(Provided material Opens)

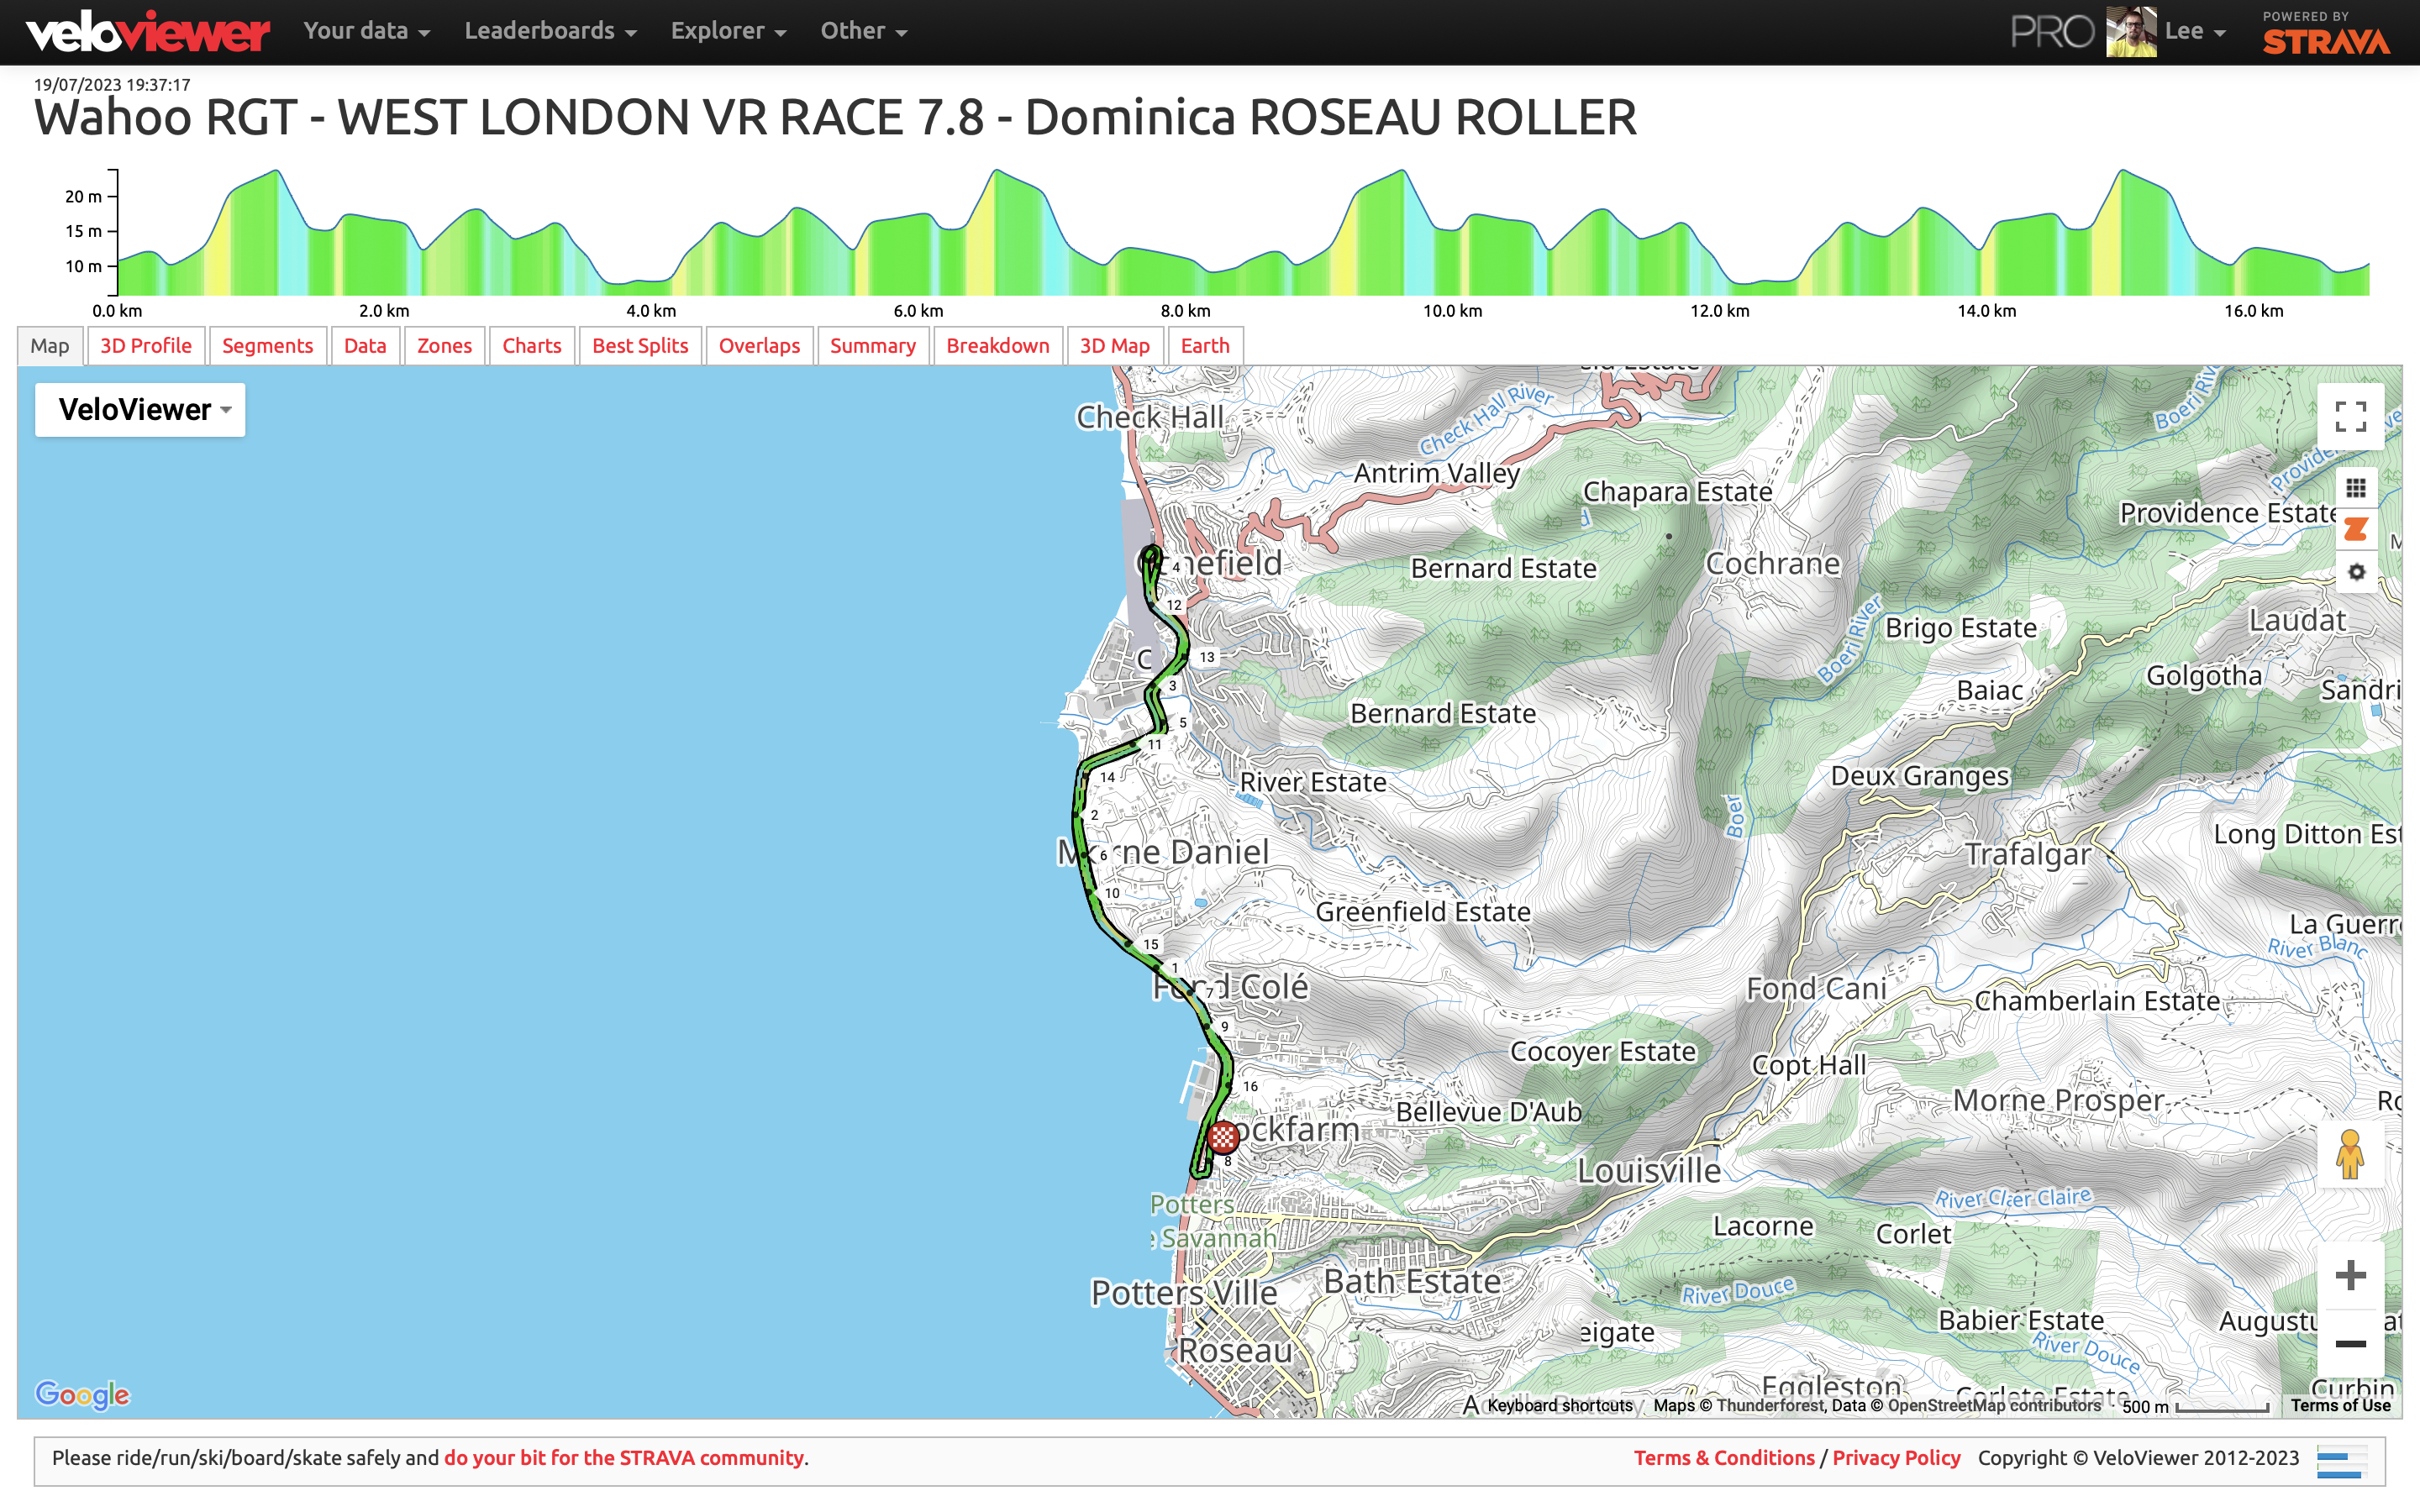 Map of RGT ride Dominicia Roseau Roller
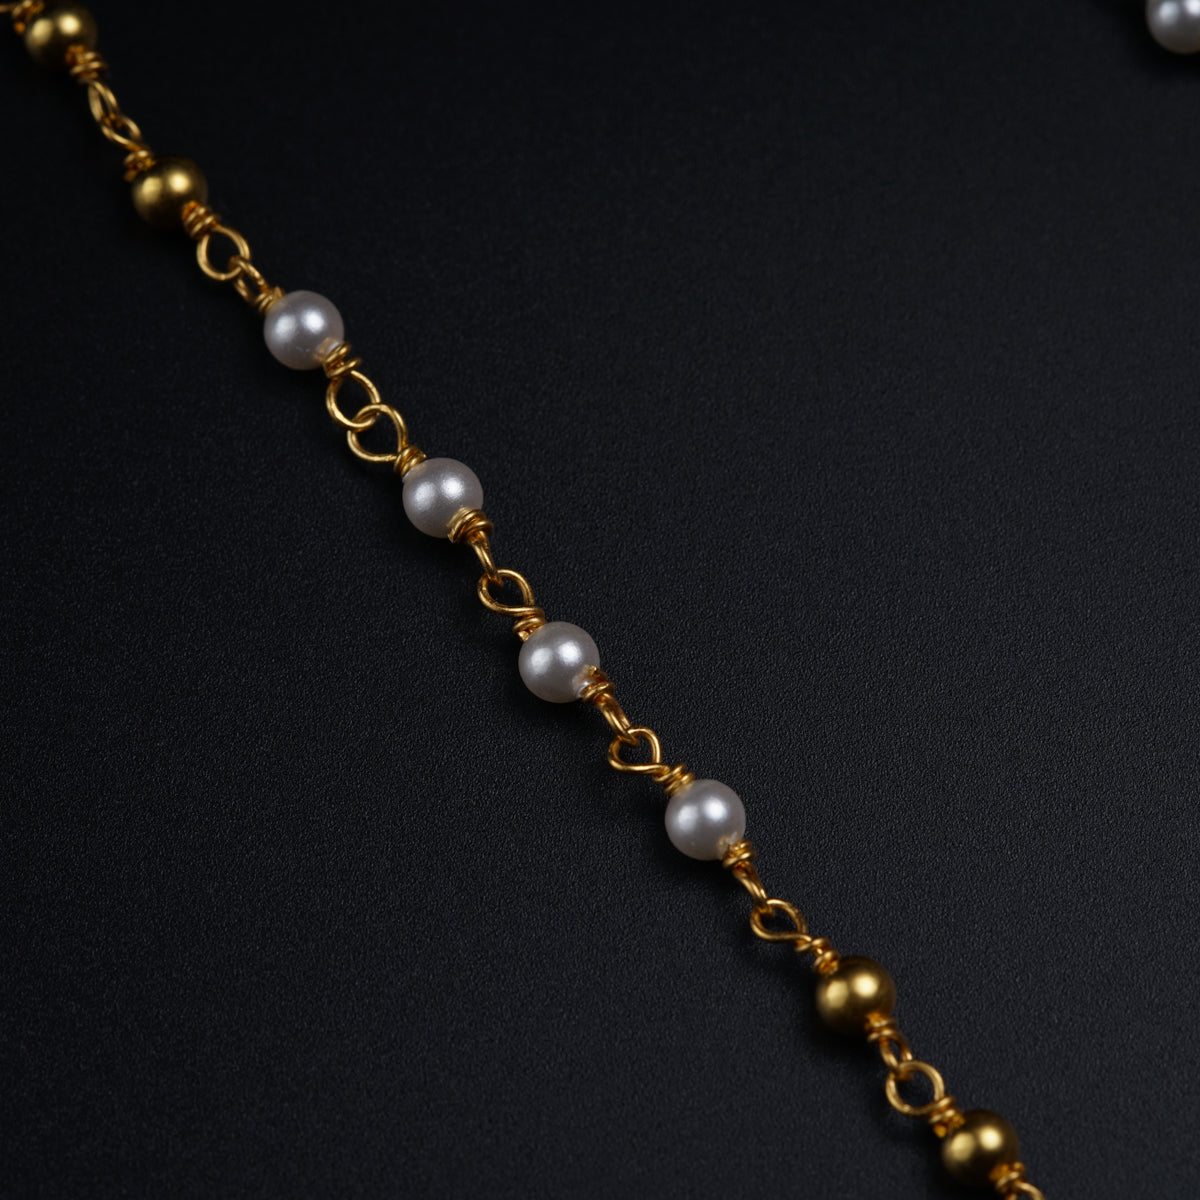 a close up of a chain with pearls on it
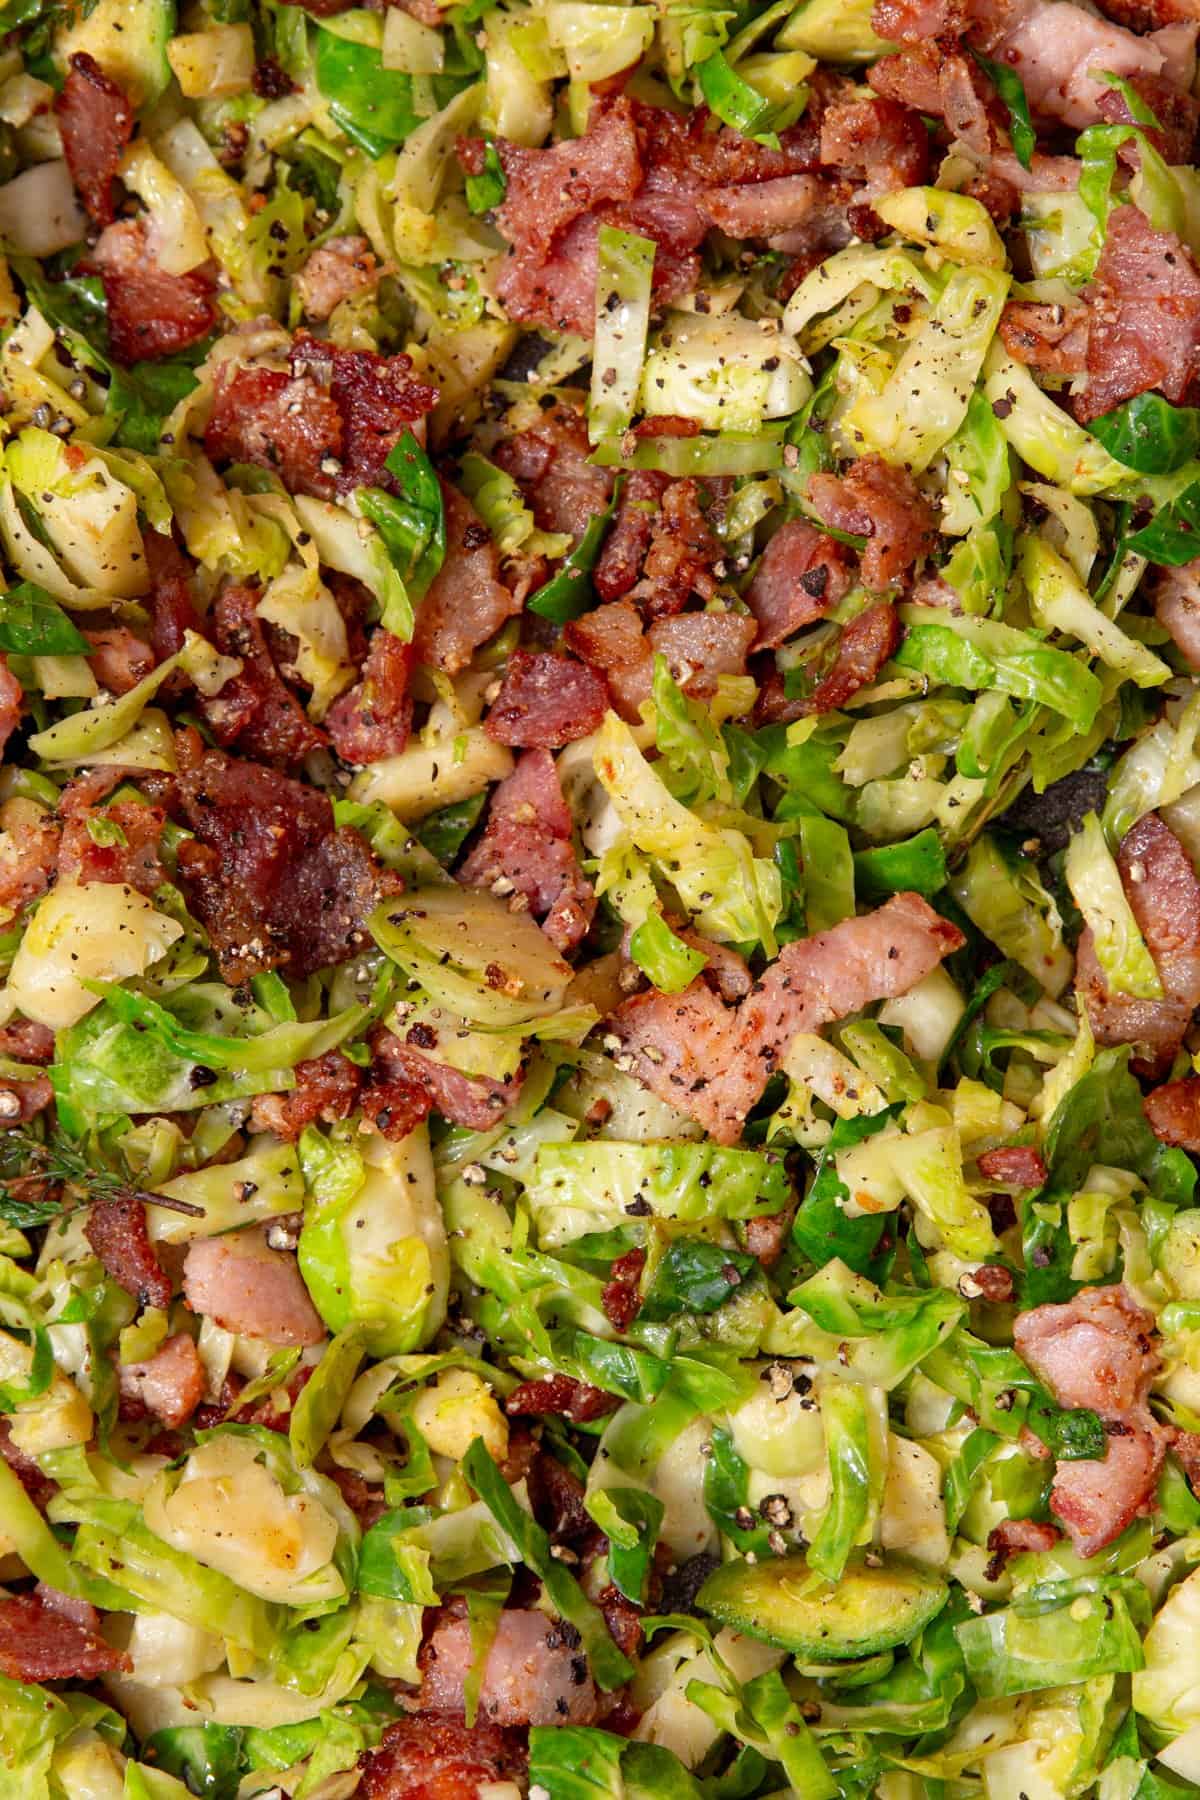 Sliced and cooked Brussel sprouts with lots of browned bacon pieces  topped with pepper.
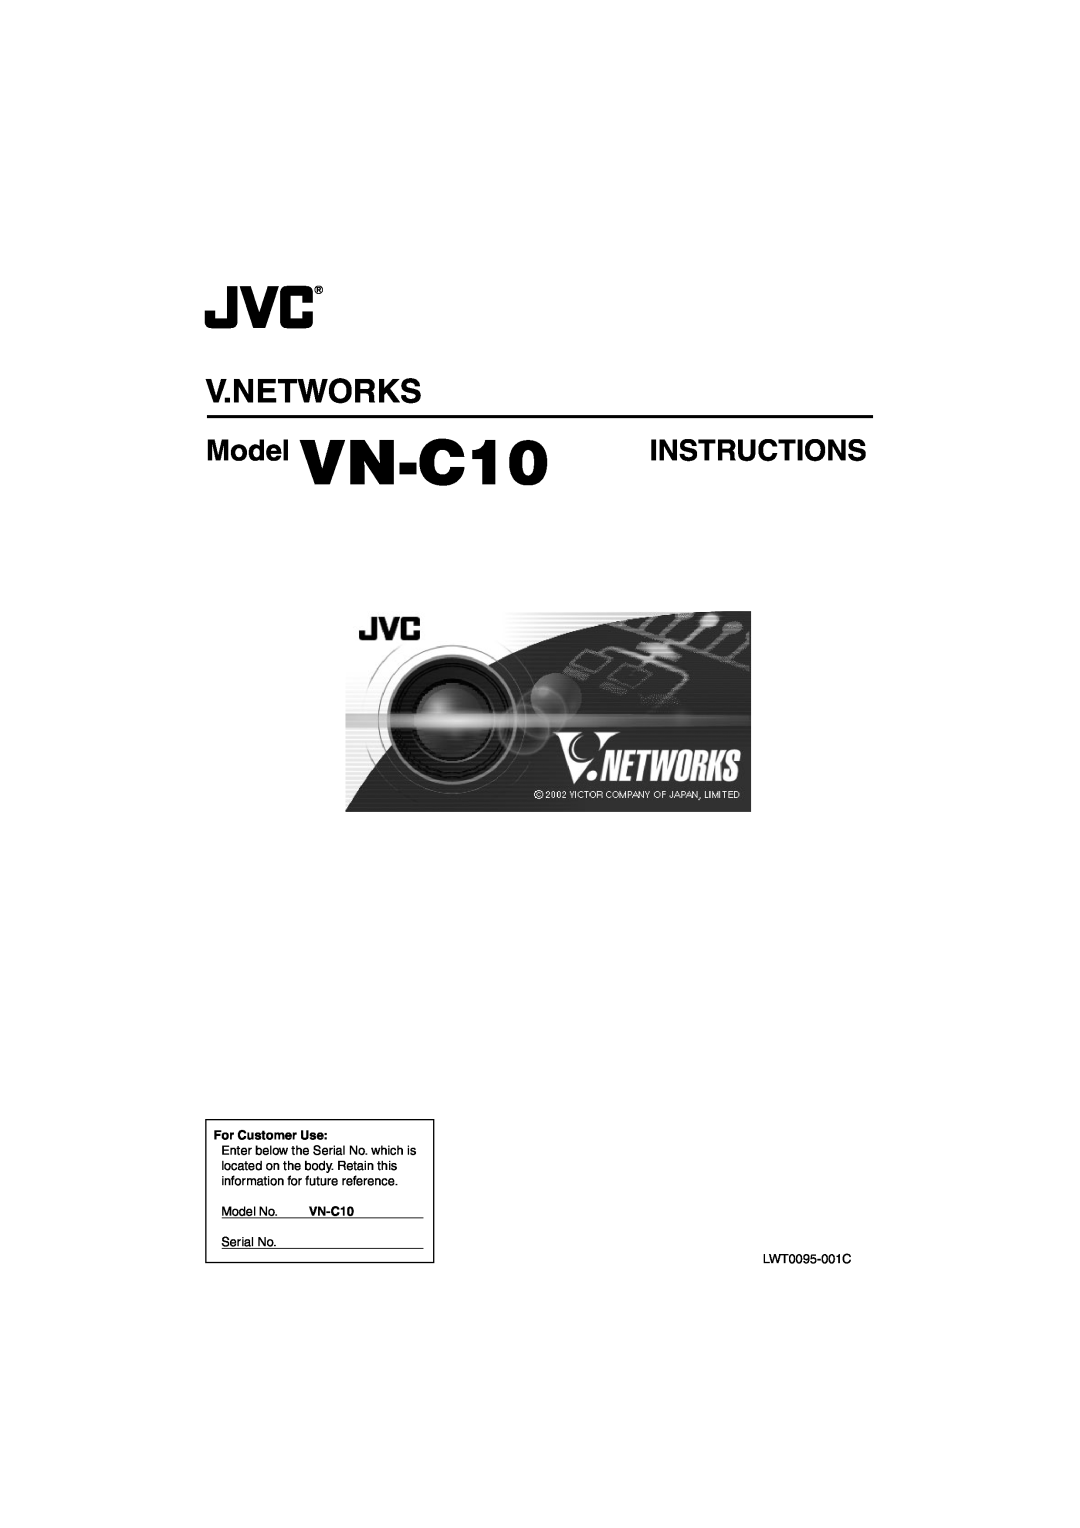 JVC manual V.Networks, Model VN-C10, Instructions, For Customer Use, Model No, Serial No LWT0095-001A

(Provided material Closes)

**What is needed**
Repeat the listing word for word, but without its pictures.

**Completed exercise**
 Map of RGT ride Dominicia Roseau Roller
 a close up of a chain with pearls on it
 Sliced and cooked Brussel sprouts with lots of browned bacon pieces  topped with pepper.
 JVC manual V.Networks, Model VN-C10, Instructions, For Customer Use, Model No, Serial No LWT0095-001A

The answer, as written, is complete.